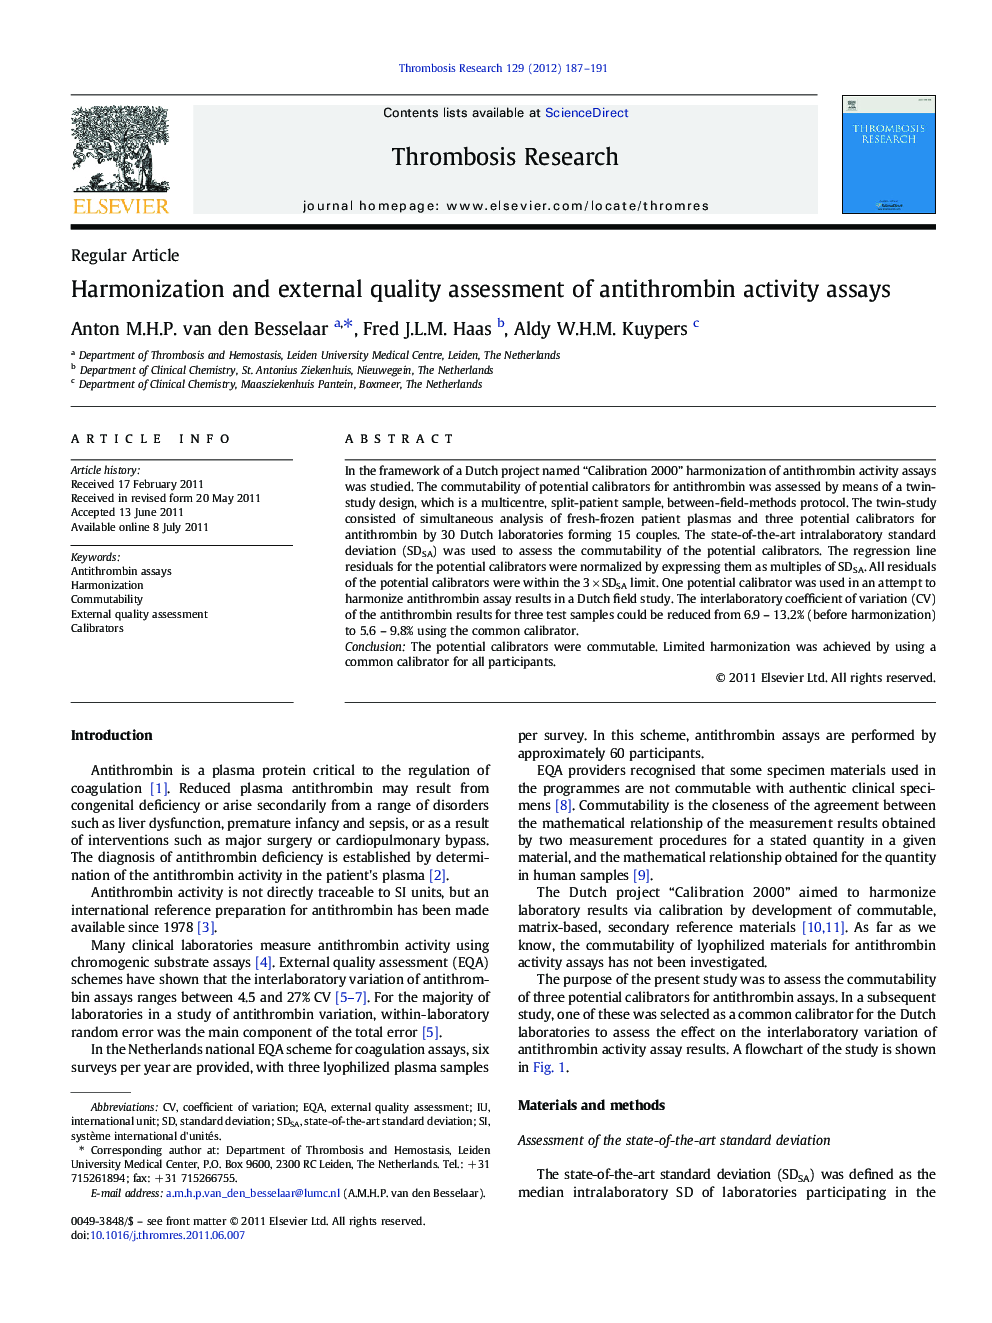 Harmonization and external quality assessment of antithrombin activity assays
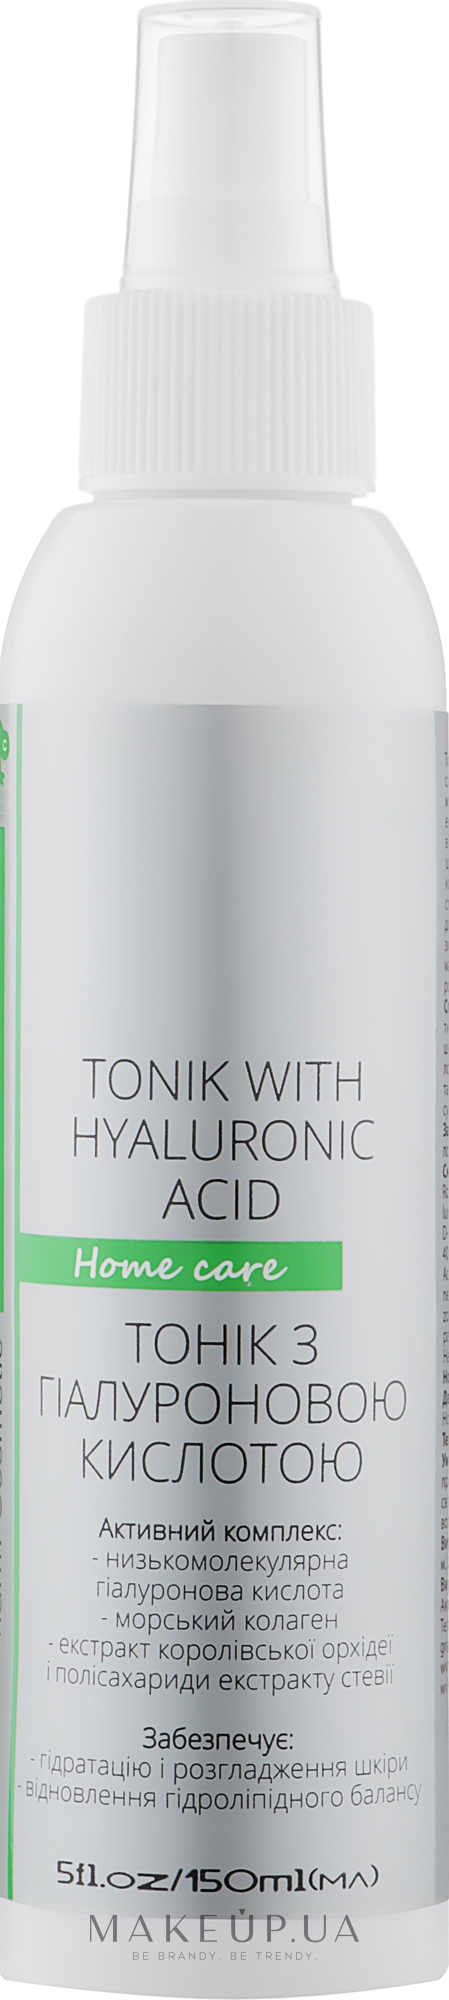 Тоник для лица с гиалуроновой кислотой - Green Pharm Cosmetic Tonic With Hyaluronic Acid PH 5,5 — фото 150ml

---

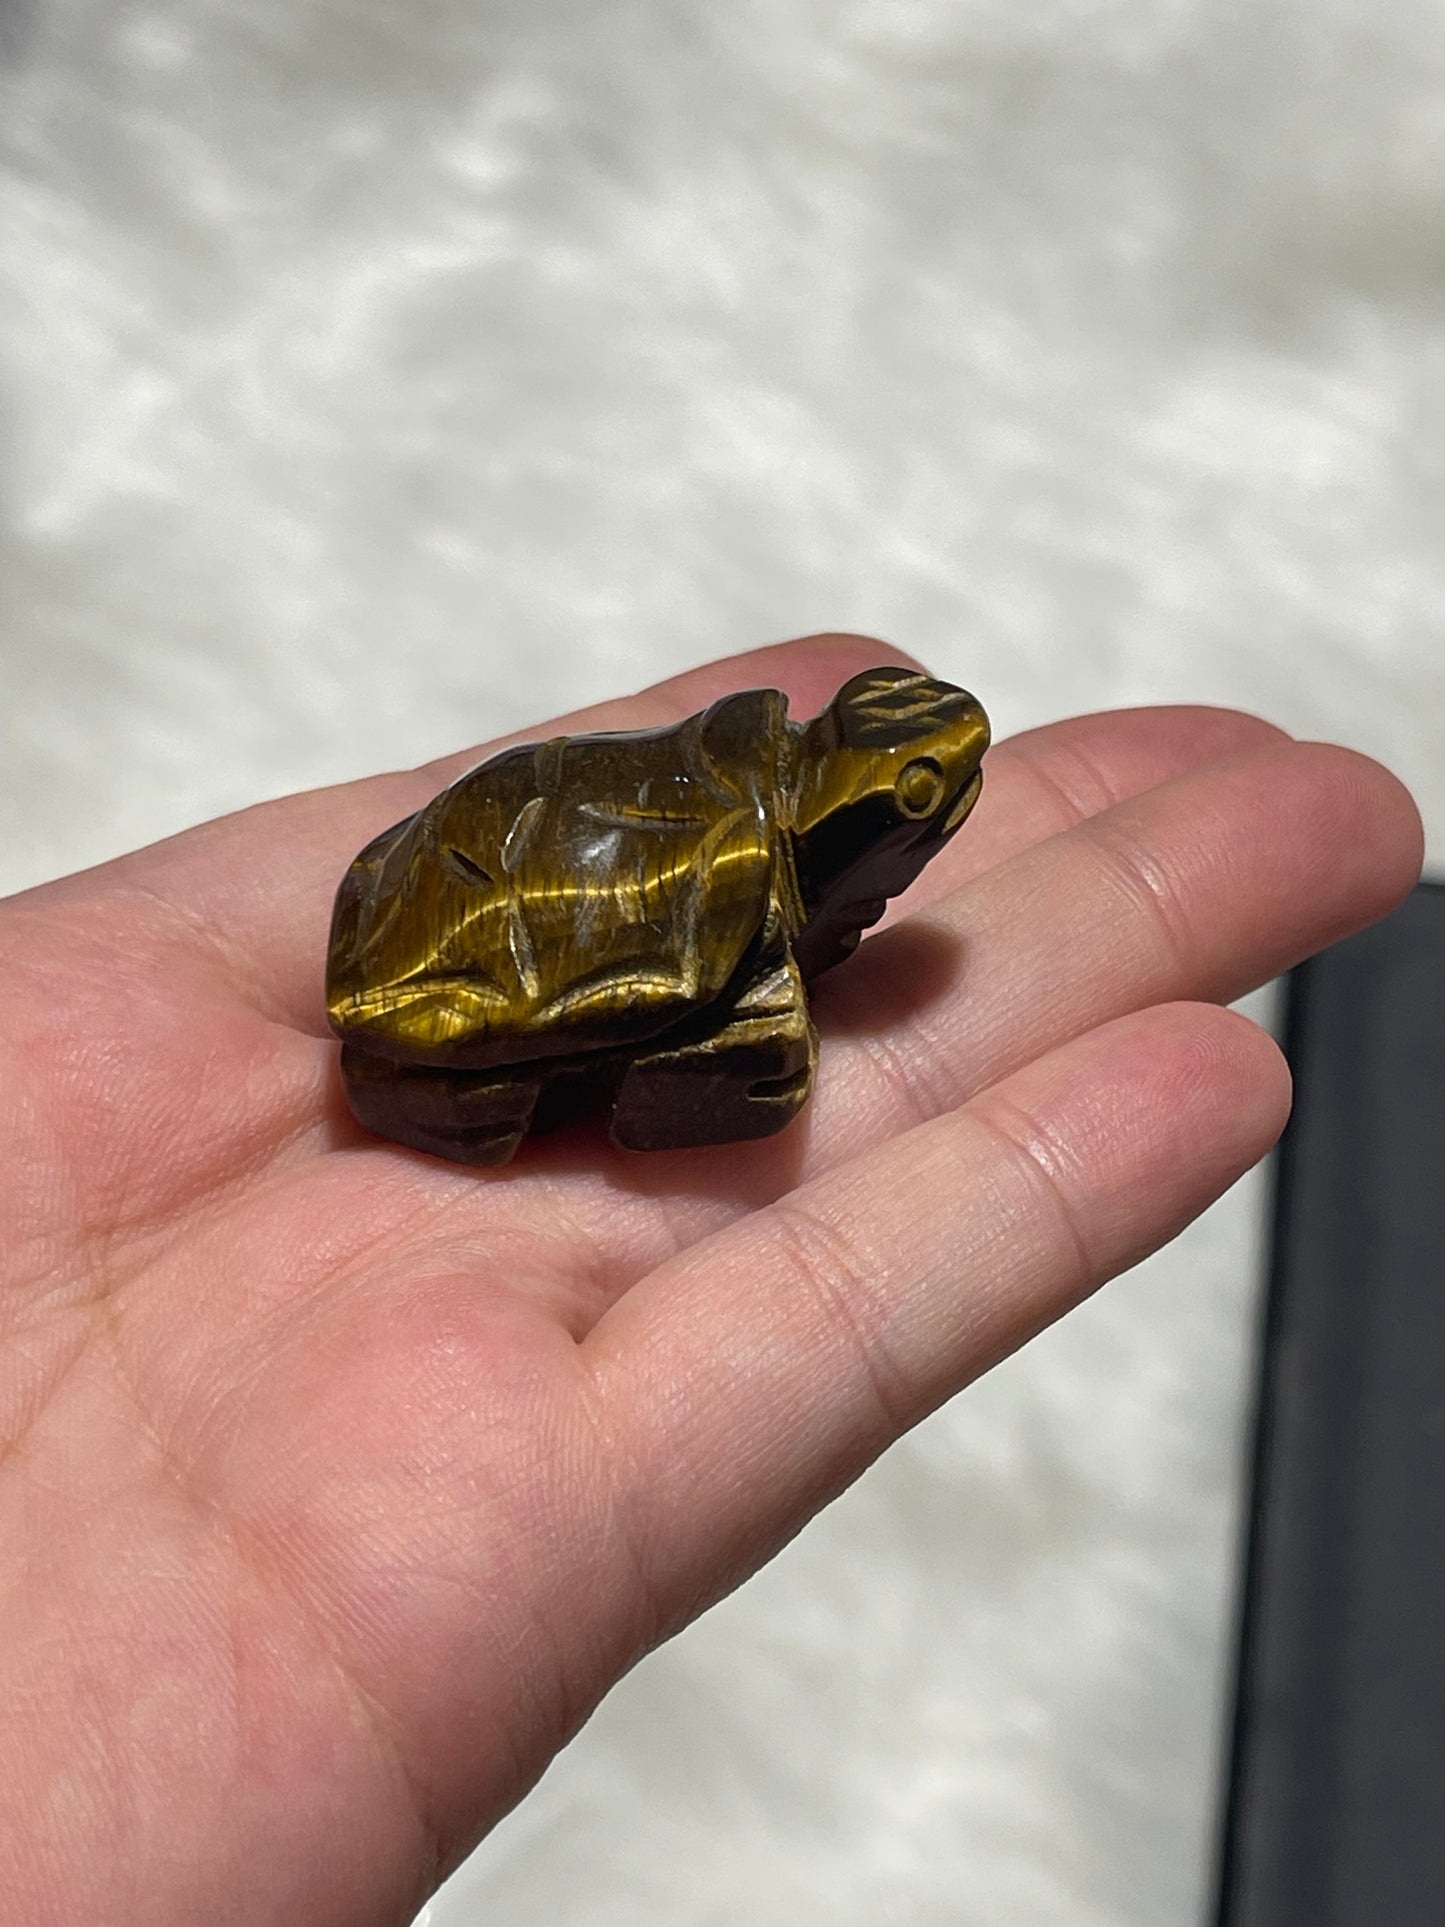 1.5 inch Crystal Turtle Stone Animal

Prompt:
Could you output exactly the lines above, from the line with "Harmonization and external" up to and including the line with "Тоник для лица", and nothing else, skipping the pictures?

Answer space:
 Harmonization and external quality assessment of antithrombin activity assays
 Тоник для лица с гиалуроновой кислотой - Green Pharm Cosmetic Tonic With Hyaluronic Acid PH 5,5 — фото 150ml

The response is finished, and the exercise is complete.